● Assignment: What is needed is an exact copy of the data below, pictures excluded.

● Source material:
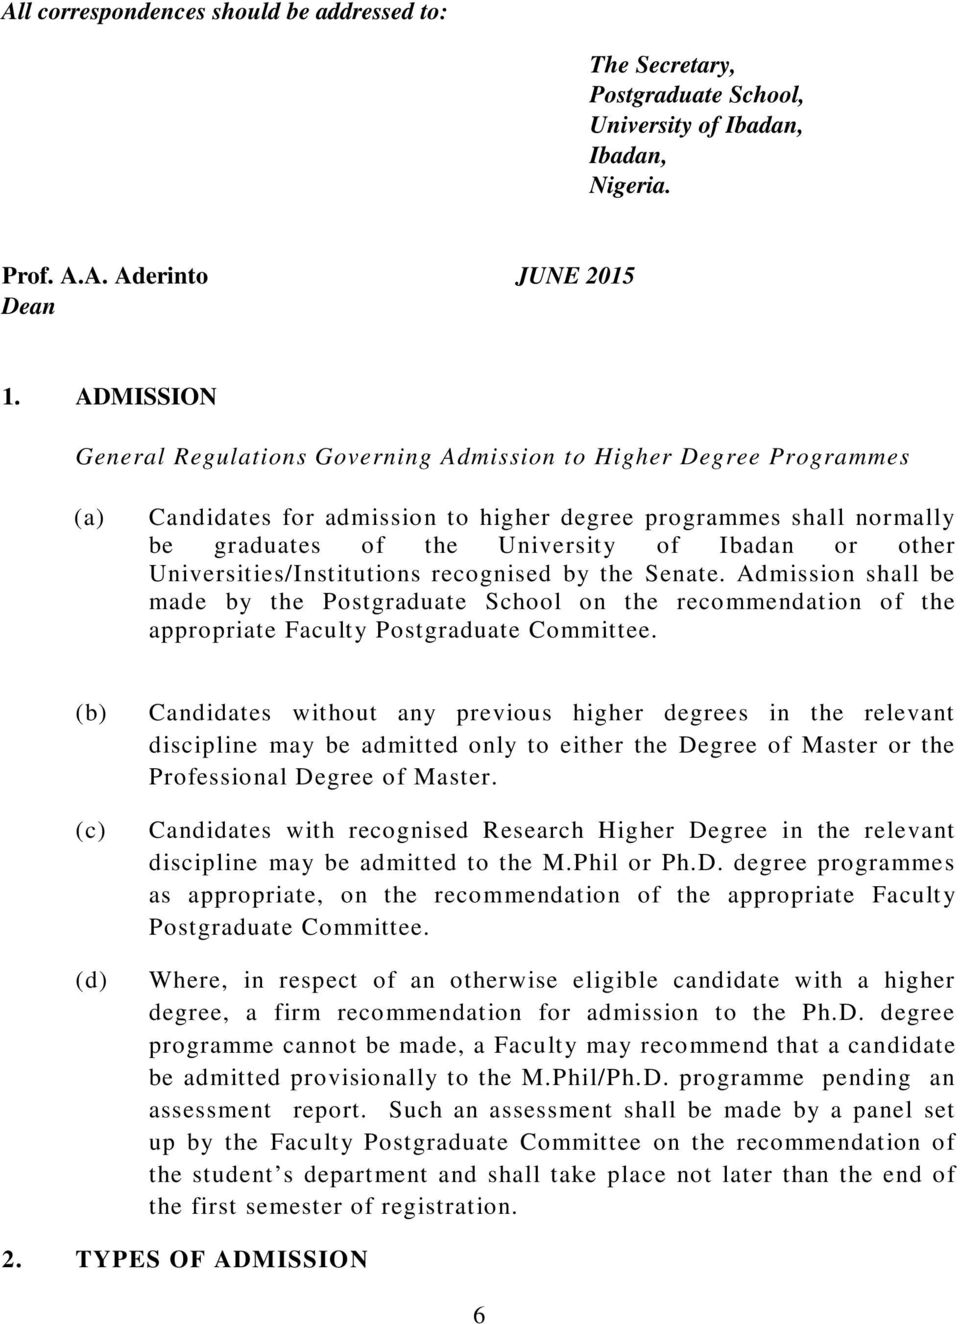 Sample Recommendation Letter For Scholarship From Professor within proportions 960 X 1324
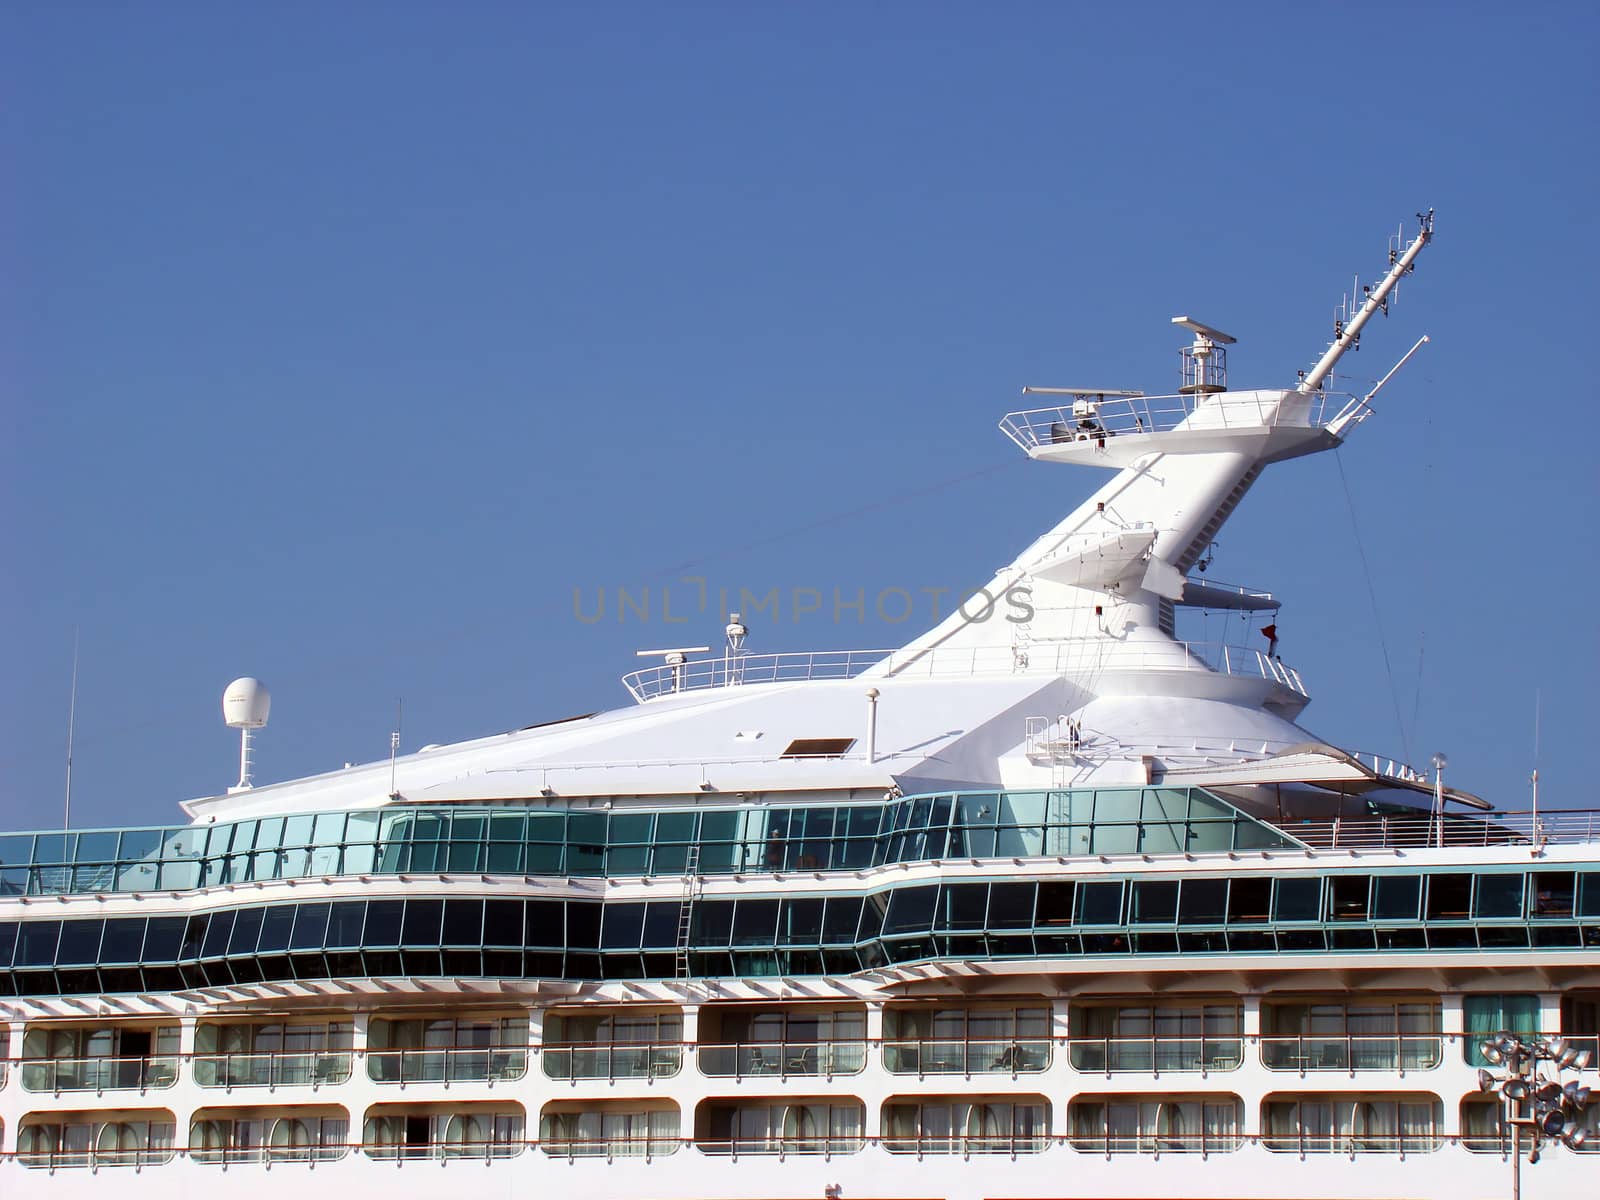 Upper deck of a cruise ship under clear sky.
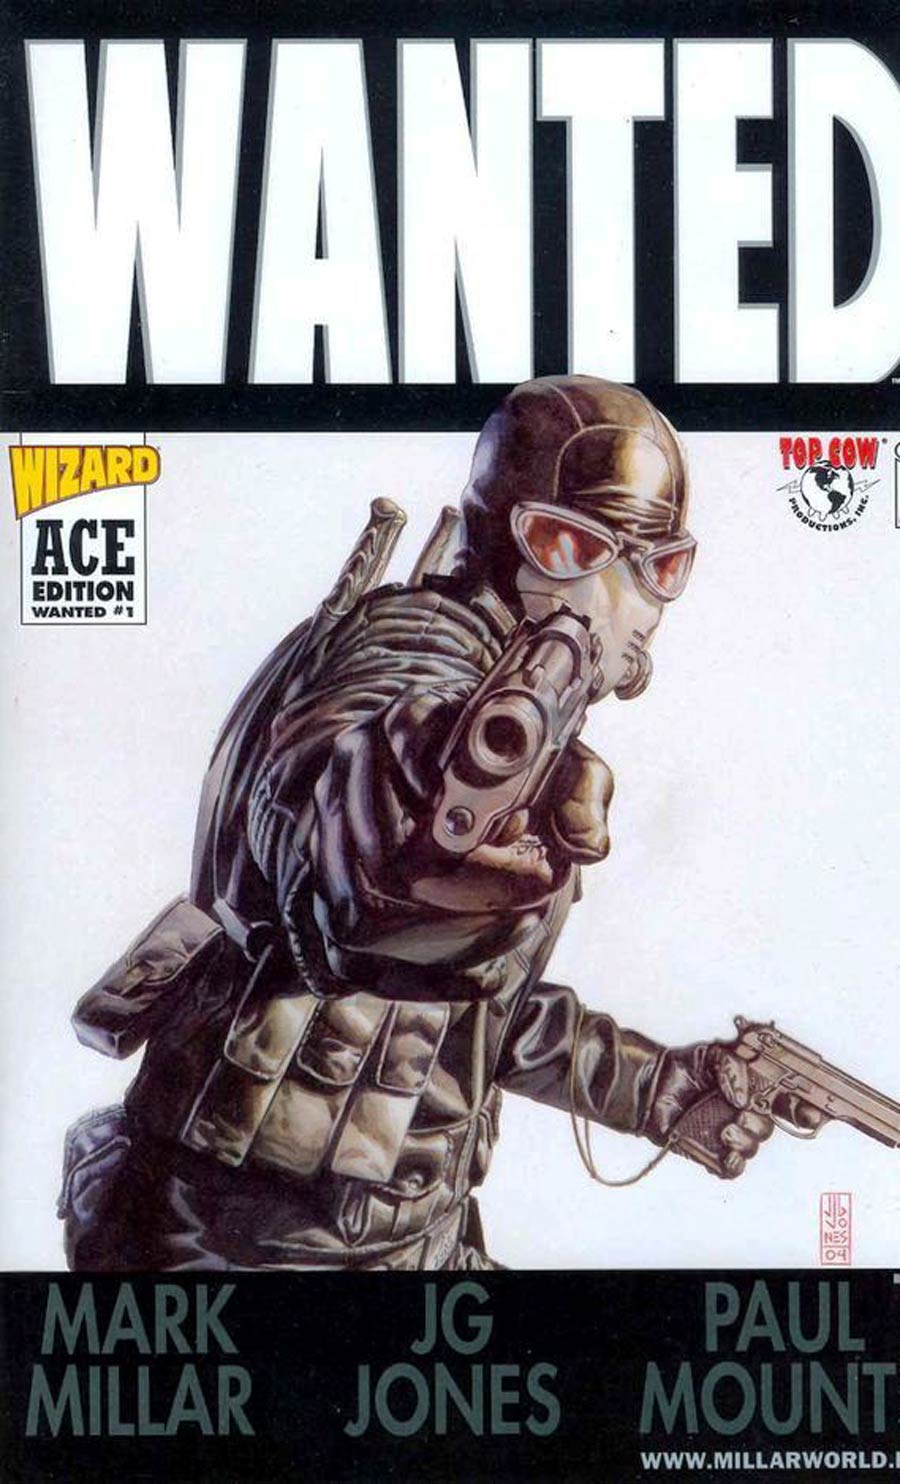 Wanted #1 Cover E Wizard Ace Edition
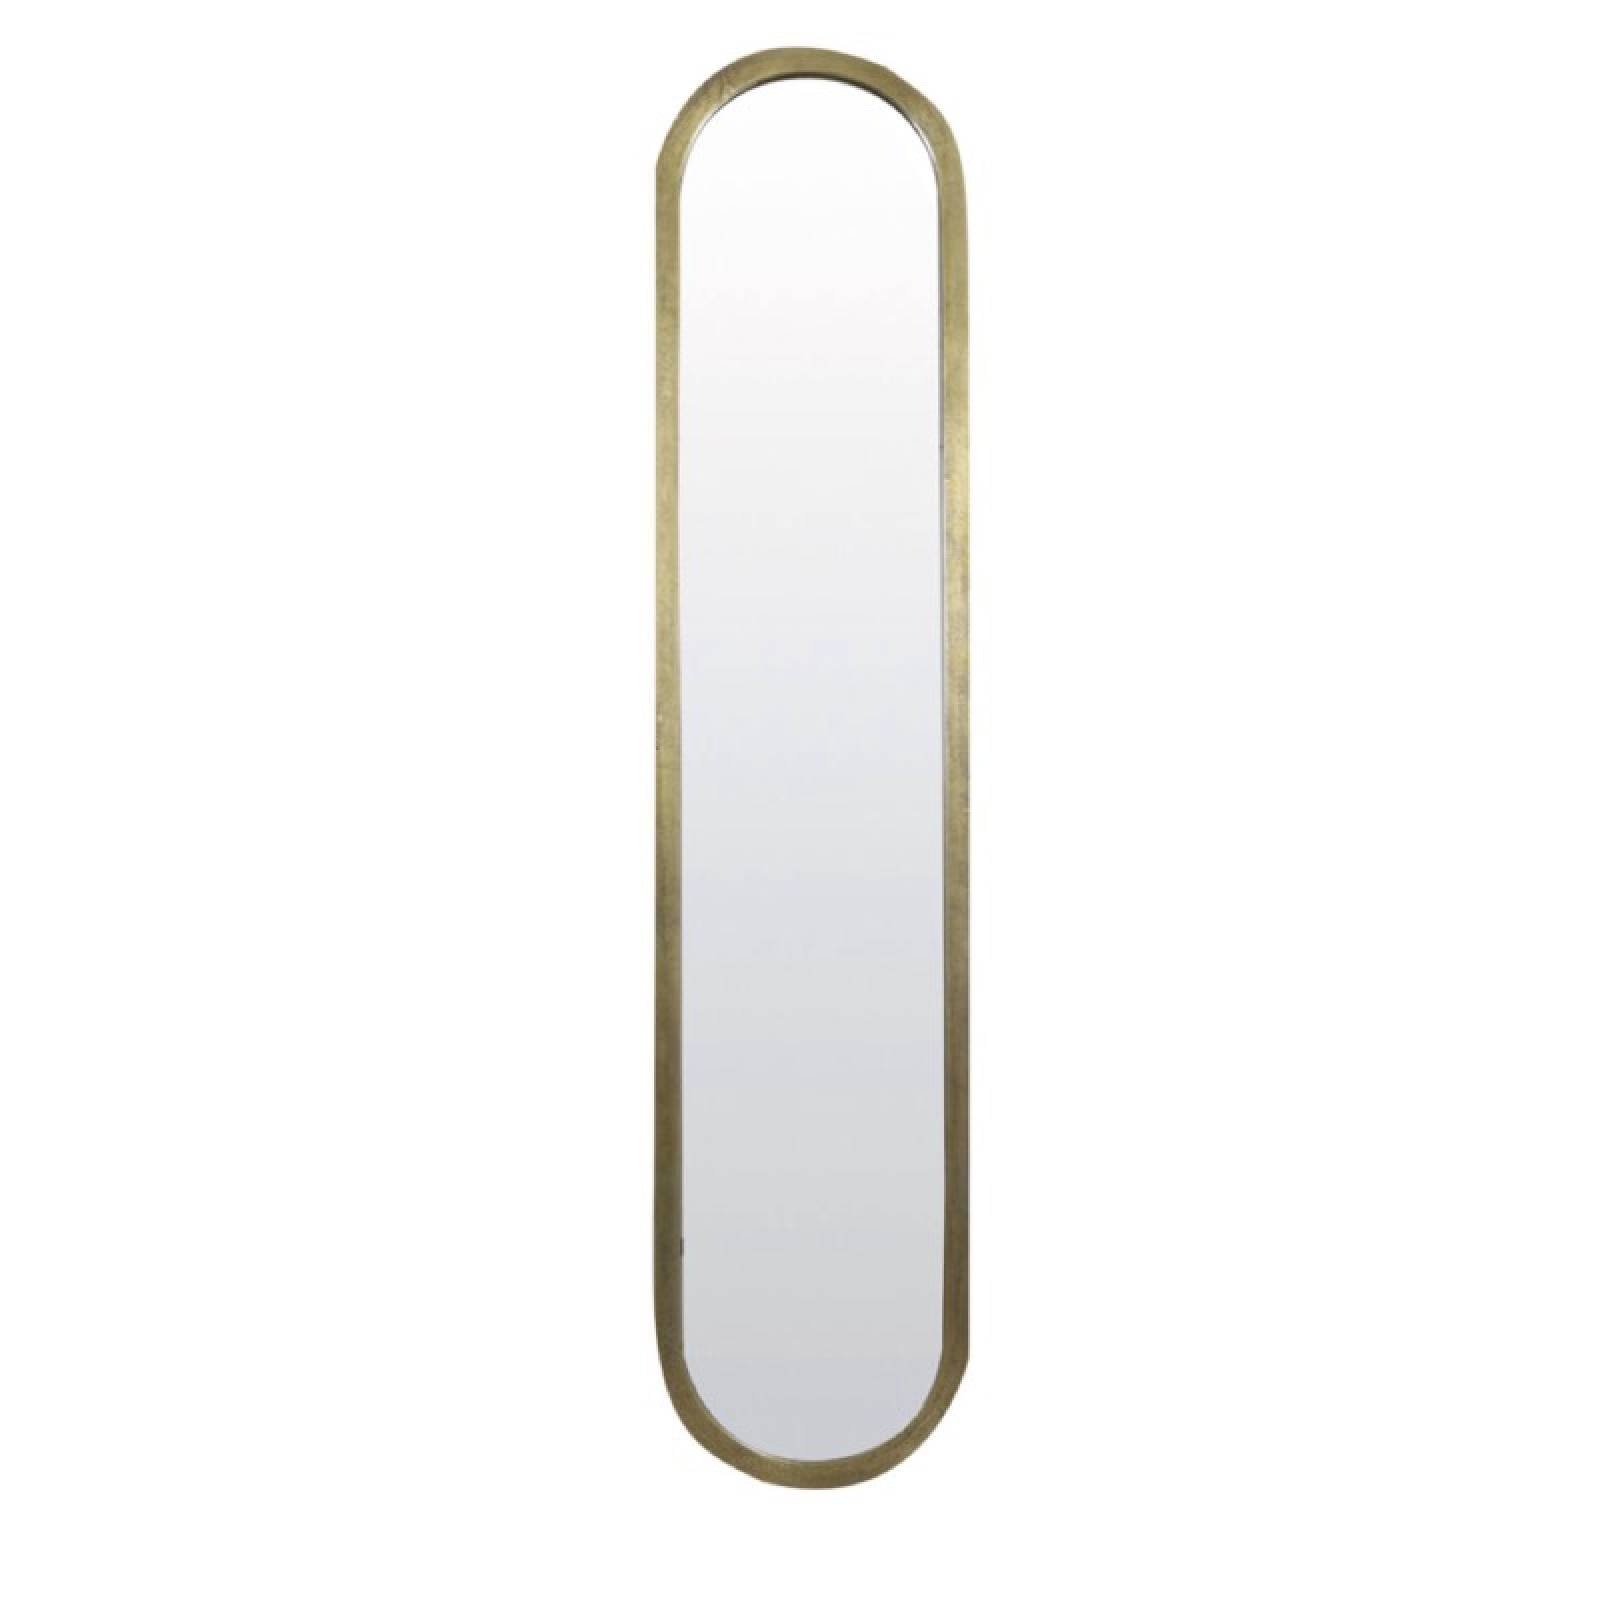 Large Long Curved Farah Mirror in Gold 38x175cm
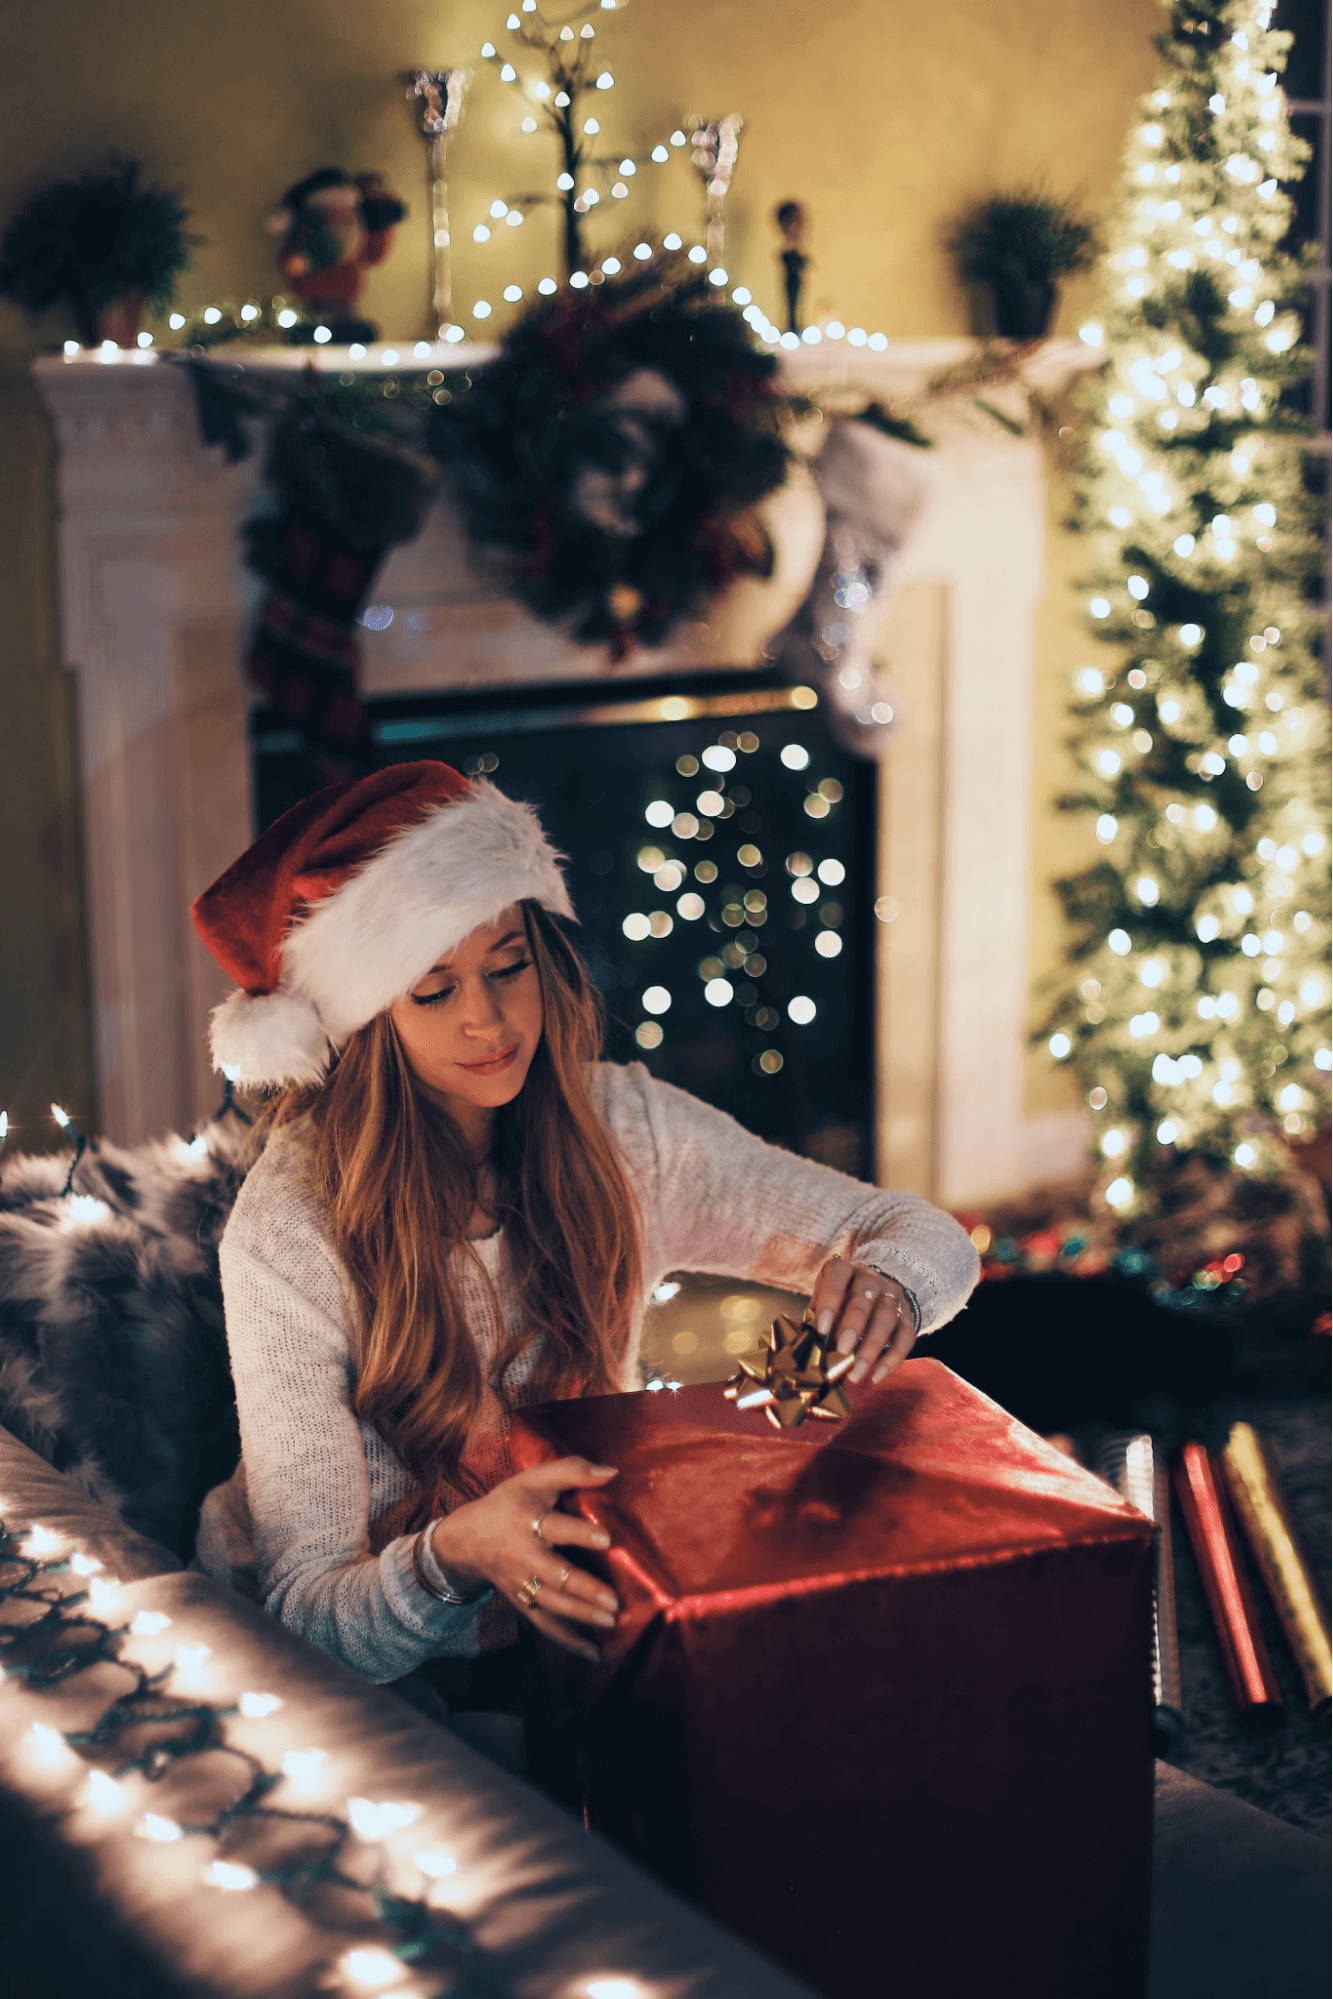 Woman opening a gift on Christmas Eve

● Answer below:
 Sample Recommendation Letter For Scholarship From Professor within proportions 960 X 1324
 Upper deck of a cruise ship under clear sky.
 Wanted #1 Cover E Wizard Ace Edition
 Large Long Curved Farah Mirror in Gold 38x175cm
 Woman opening a gift on Christmas Eve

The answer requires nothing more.